Wall time: 2h 44min 58s


In [16]:
%%time
# res=dual_annealing(diet_function,x0=x0,bounds=bounds,constraints=constr,maxiter=int(1e5),maxfun=1e12,local_search_options={'method':'trust-constr','jac':'cs','hess':BFGS(),'tol':1e-2,'options':{'maxiter':int(1e3),'minfev':0}})

Wall time: 0 ns


In [17]:
print(res)

           constr: [array([0., 0.])]
 constr_violation: 0.0
              fun: 4315.577835807454
              jac: [array([[1.   , 1.   , 1.   , ..., 1.   , 1.   , 1.   ],
       [0.004, 0.002, 0.001, ..., 0.07 , 0.077, 0.021]]), array([[1., 0., 0., ..., 0., 0., 0.],
       [0., 1., 0., ..., 0., 0., 0.],
       [0., 0., 1., ..., 0., 0., 0.],
       ...,
       [0., 0., 0., ..., 1., 0., 0.],
       [0., 0., 0., ..., 0., 1., 0.],
       [0., 0., 0., ..., 0., 0., 1.]])]
            maxcv: 0.0
          message: 'Maximum number of iterations has been exceeded.'
             nfev: 331936
              nit: 1000
          success: False
                x: array([8.70030273e-10, 6.71194717e-10, 1.29244161e-09, 1.15547578e-09,
       2.03303471e-10, 1.75220527e-10, 3.27011766e-10, 3.22853882e-10,
       4.56182256e-10, 2.82311142e-10, 5.01707649e-10, 1.13221644e-09,
       8.30755100e-10, 9.83624734e-10, 2.85096164e-10, 3.42721755e-10,
       6.19418701e-10, 7.42462452e-10, 9.19642310e-10, 7.

In [18]:
solution=res.x
solution=np.where(solution<threshold,0,solution)


In [19]:

output=pd.Series(A.dot(solution),index=inputs.index)
print(output)

Energy                                652.893754
Protein                                36.535675
Carbohydrate, by difference           100.427392
Fiber, total dietary                    4.432852
Sugars, total including NLEA           62.930677
Total Fat                              13.597673
Fatty acids, total saturated            8.573607
Fatty acids, total polyunsaturated      0.874175
Sodium, Na                              0.766667
dtype: float64


Note: unlike previous iterations (many of which were attempted post notebook 3, so you'll have to take my word for it...), this solution actually meets our salt and weight constraints.

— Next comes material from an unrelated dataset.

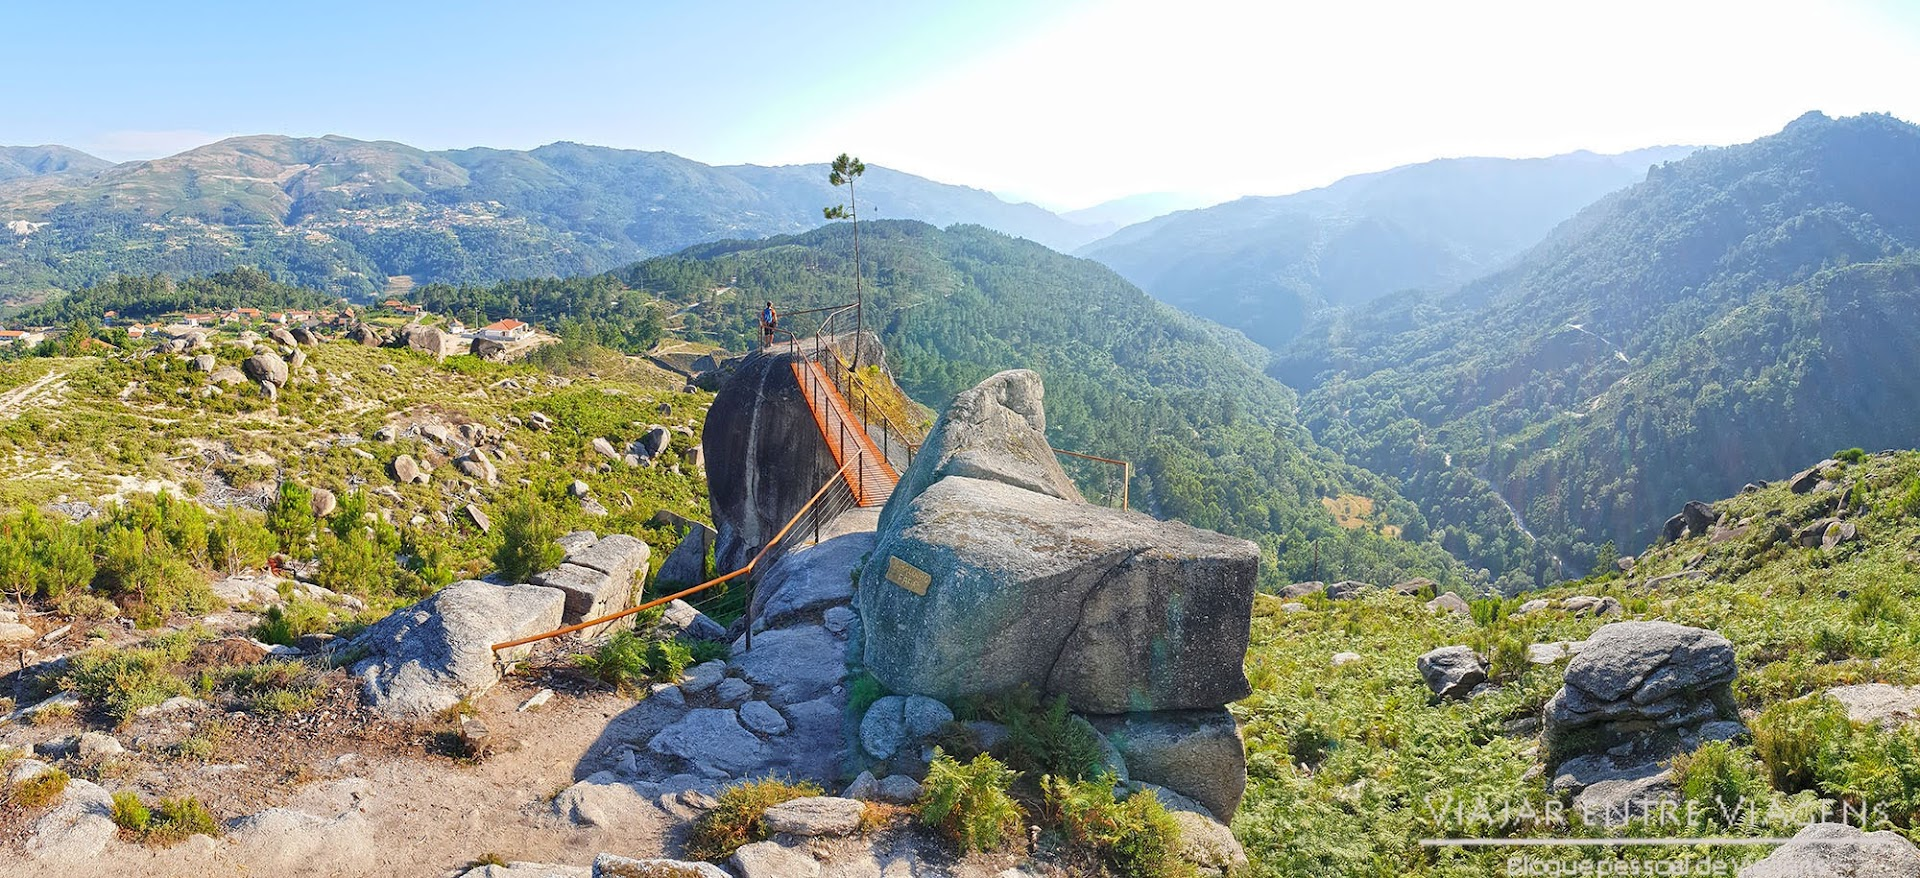 TRILHOS DO GERÊS | Os melhores percursos pedestres para explorar na Serra do Gerês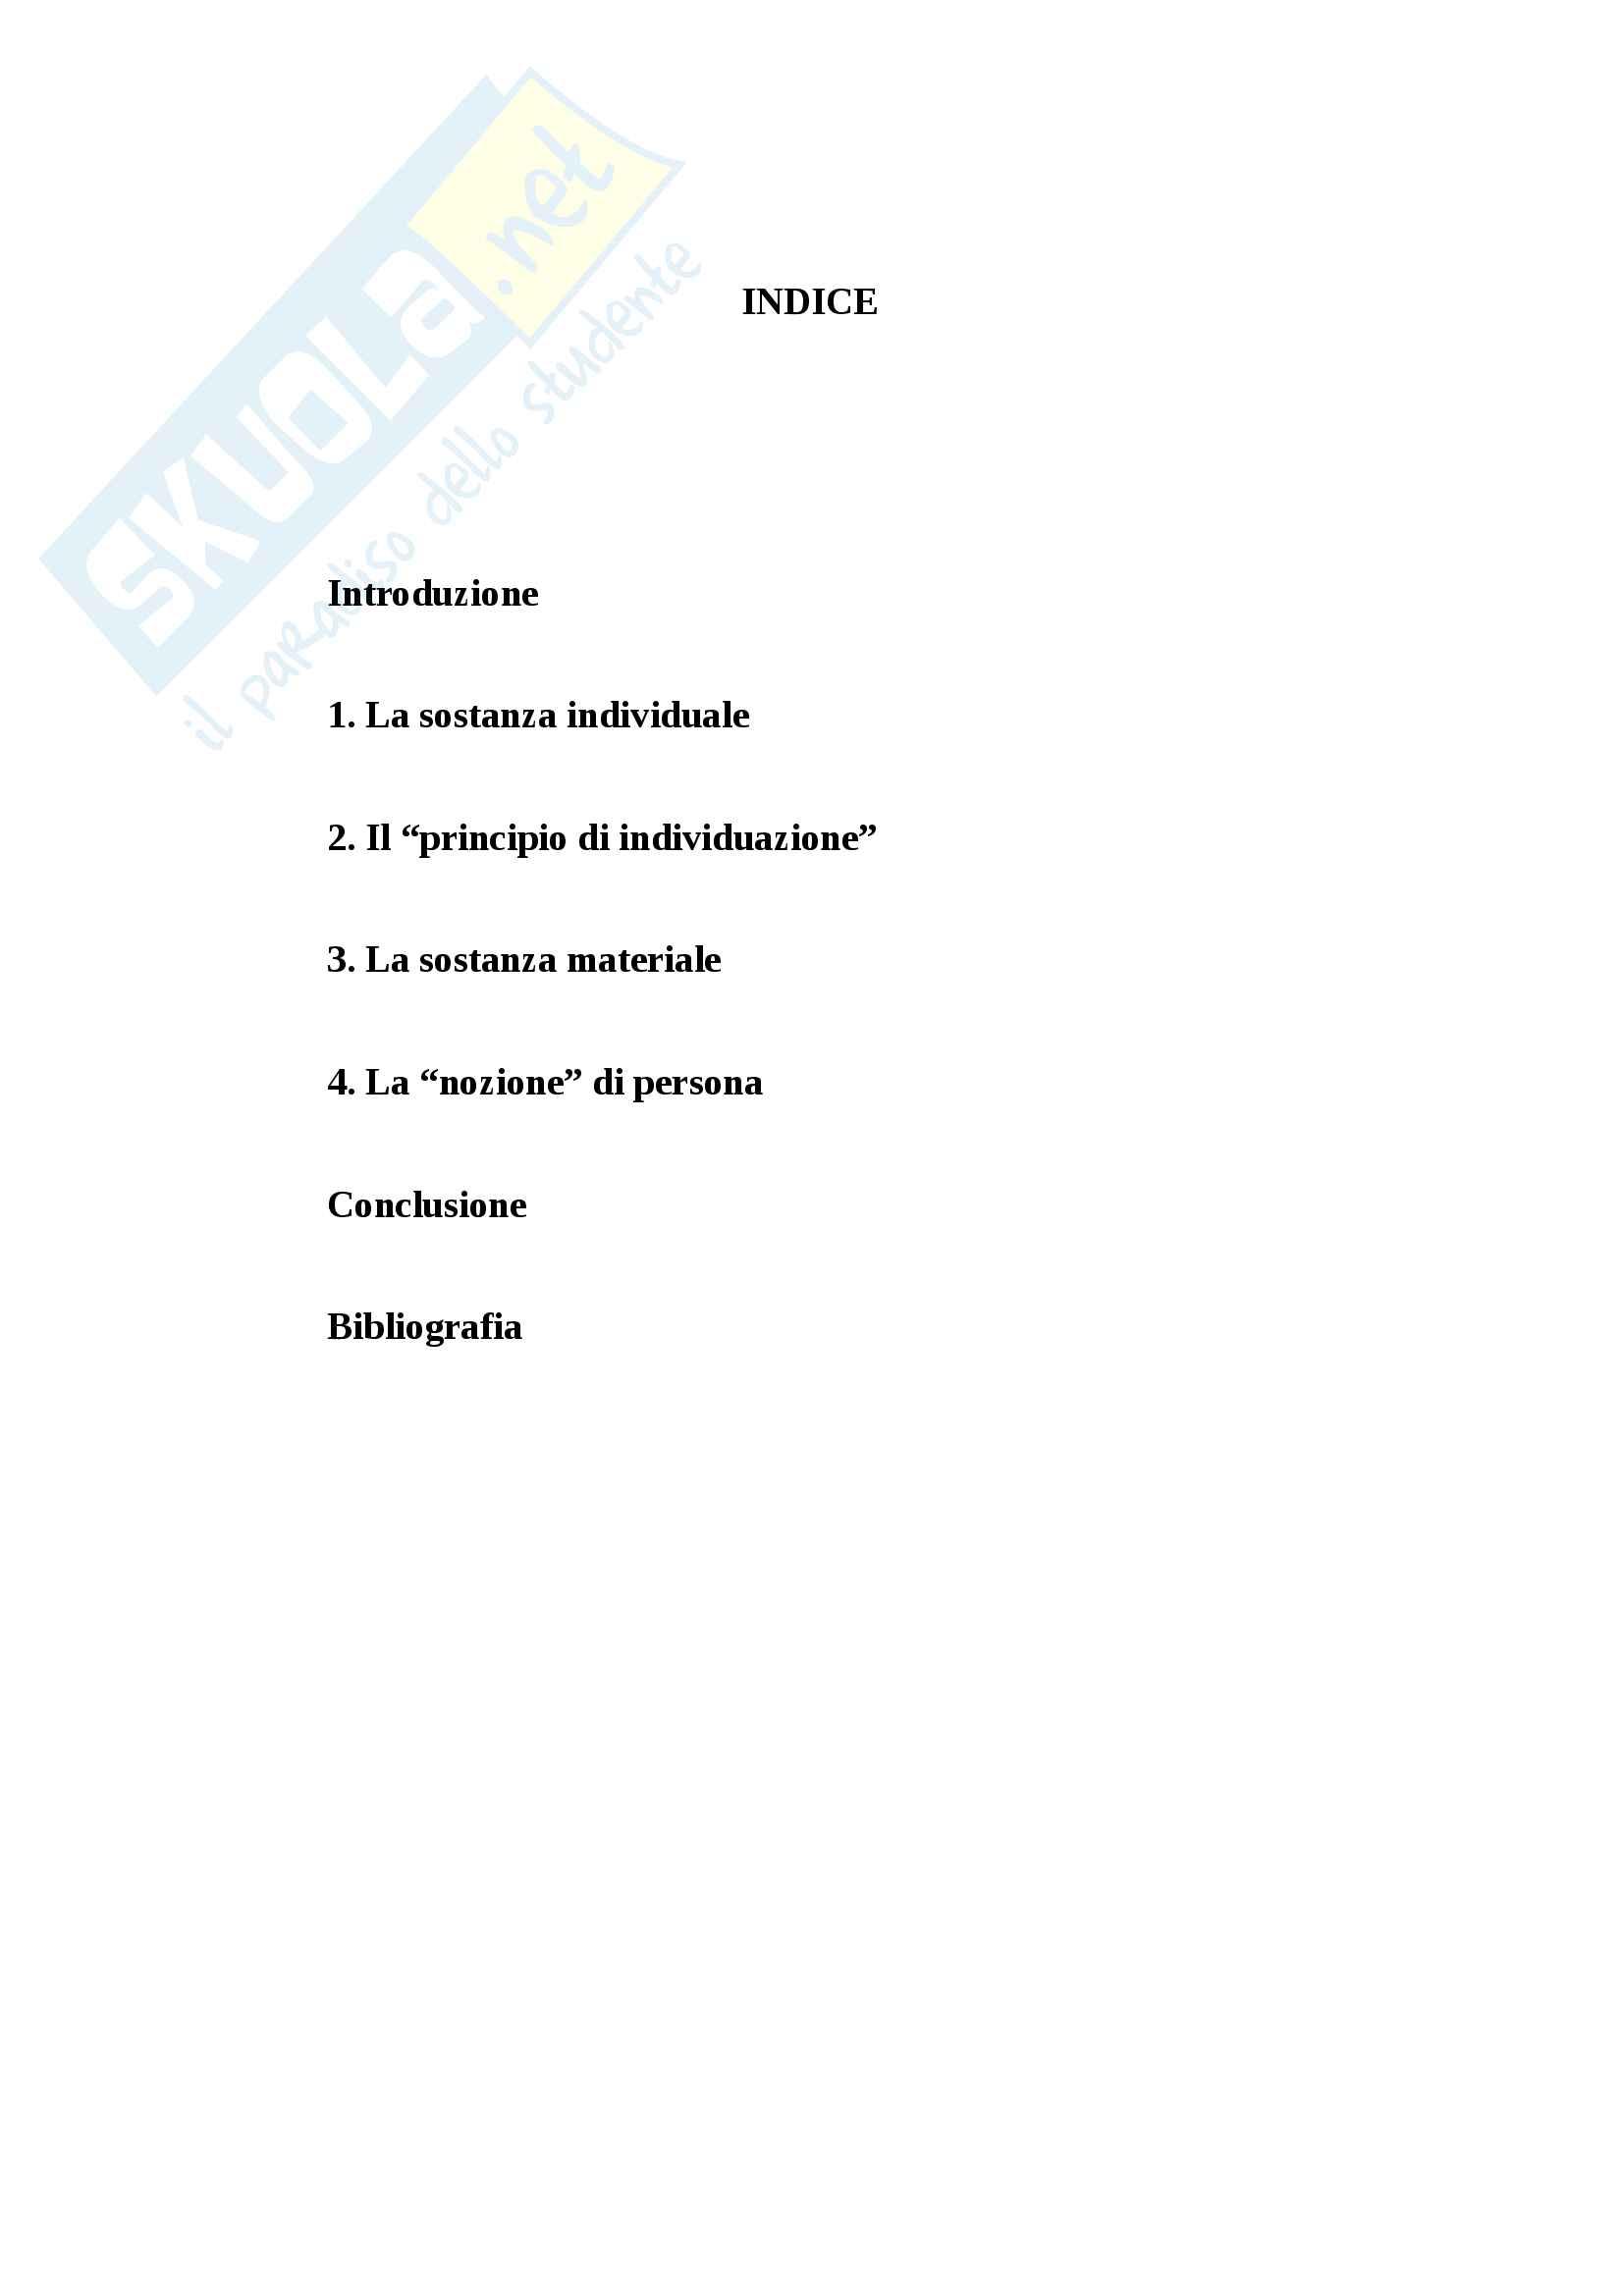 Principio di individuazione della sostanza materiale e la nozione di persona Pag. 2

Using those hard constraints seems to have worked. However, the saturated fat content is certainly higher than would be ideal. So the question becomes, which is worse; salt or saturated fat?

In [20]:
solution_ds=pd.Series(solution*100,index=ingredients.index,name="grams") #multiply by 100 for grams
solution_ds=solution_ds[solution_ds>0.]
solution_ds.to_csv('matrix_porridge_recipe_v4.csv')
print(solution_ds)
print(sum(solution_ds))

description
Milk, low sodium, whole       387.271273
Ripe plantain, raw            260.756015
Lobster, steamed or boiled    111.972658
Name: grams, dtype: float64
759.9999465689441


Milk and lobster aren't an unheard of combination... makes me think of a bisque. But raw plantain? I don't know how edible that really is. It's almost always eaten cooked. You'd really need to have no sense of taste I think to be able to down this.

In [21]:
A_c.dot(solution)

array([7.59999947, 0.76666655])

## Next Steps

1.  Do more research into both the salt and saturated fat dietary requirements, and consider modifying one or the other to allow more flexibility, or prioritize one over the other.
1.  Revisit the ingredients list and consider culling more items from the list based on edibility and shelf life / food safety. I realize this is supposed to be for people who can't taste, but it may be unrealistic to include raw fish, and wild game meat, as well as certain raw produce, like artichokes and plantains.